ParseException - If expected "client_assertion_type" entry wasn't found.

parseClientAssertion

protected static com.nimbusds.jwt.SignedJWT parseClientAssertion(Map<String,String> params)
                                                          throws ParseException

Parses the specified parameters map for a client assertion. This method is intended to aid parsing of JSON Web Token (JWT) based client authentication objects.

Parameters:

params - The parameters map to parse. It must contain an entry with key "client_assertion" pointing to a string that represents a signed serialised JSON Web Token (JWT). The parameters must not be null and application/x-www-form-urlencoded encoded.

Returns:

The client assertion as a signed JSON Web Token (JWT).

Throws:

ParseException - If a "client_assertion" entry couldn't be retrieved from the parameters map.

parseClientID

protected static ClientID parseClientID(Map<String,String> params)

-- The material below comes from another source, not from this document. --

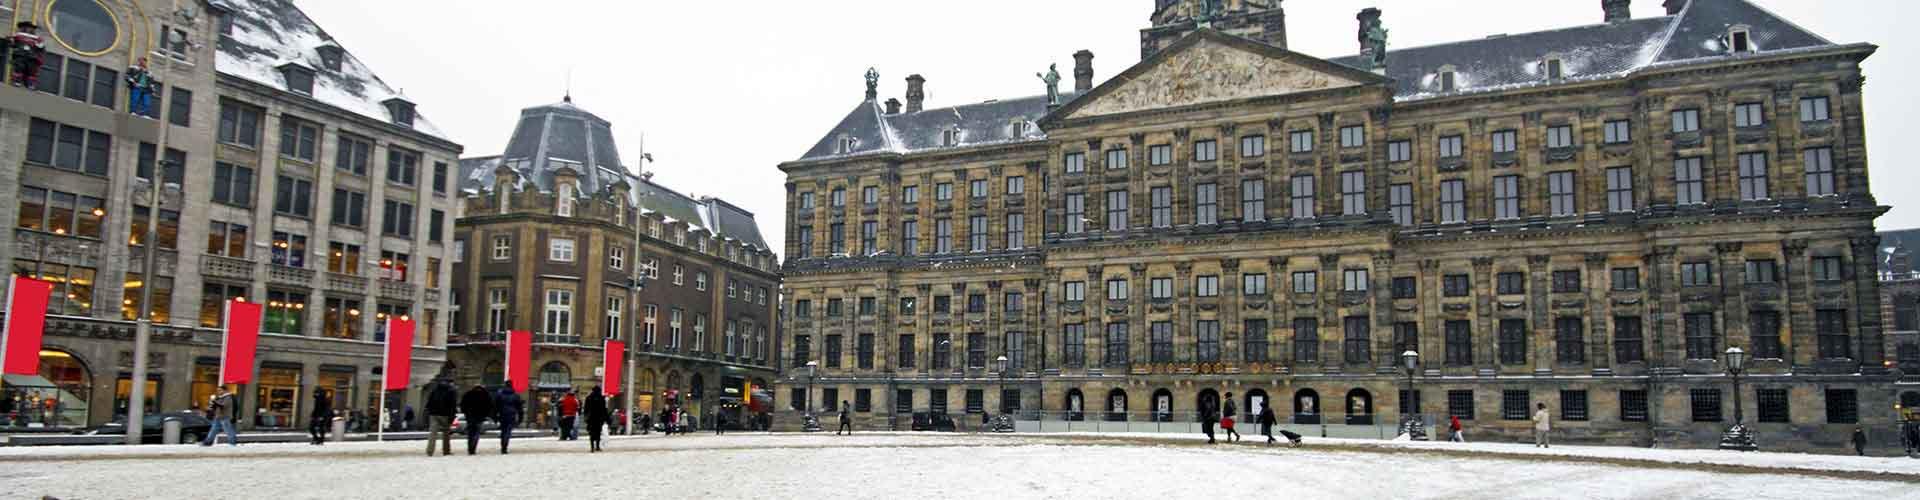 Amsterdam ostelli a amsterdam for Ostelli amsterdam

Parses the specified parameters map for an optional client identifier. This method is intended to aid parsing of JSON Web Token (JWT) based client authentication objects.

Parameters:

params - The parameters map to parse. It may contain an entry with key "client_id" pointing to a string that represents the client identifier. The parameters must not be null and application/x-www-form-urlencoded encoded.

Returns:

The client identifier, null if not specified.

parse

public static JWTAuthentication parse(HTTPRequest httpRequest)
                               throws ParseException

Parses the specified HTTP request for a JSON Web Token (JWT) based client authentication.

Parameters:

httpRequest - The HTTP request to parse. Must not be null.

Returns:

The JSON Web Token (JWT) based client authentication.

Throws:

ParseException - If a JSON Web Token (JWT) based client authentication couldn't be retrieved from the HTTP request.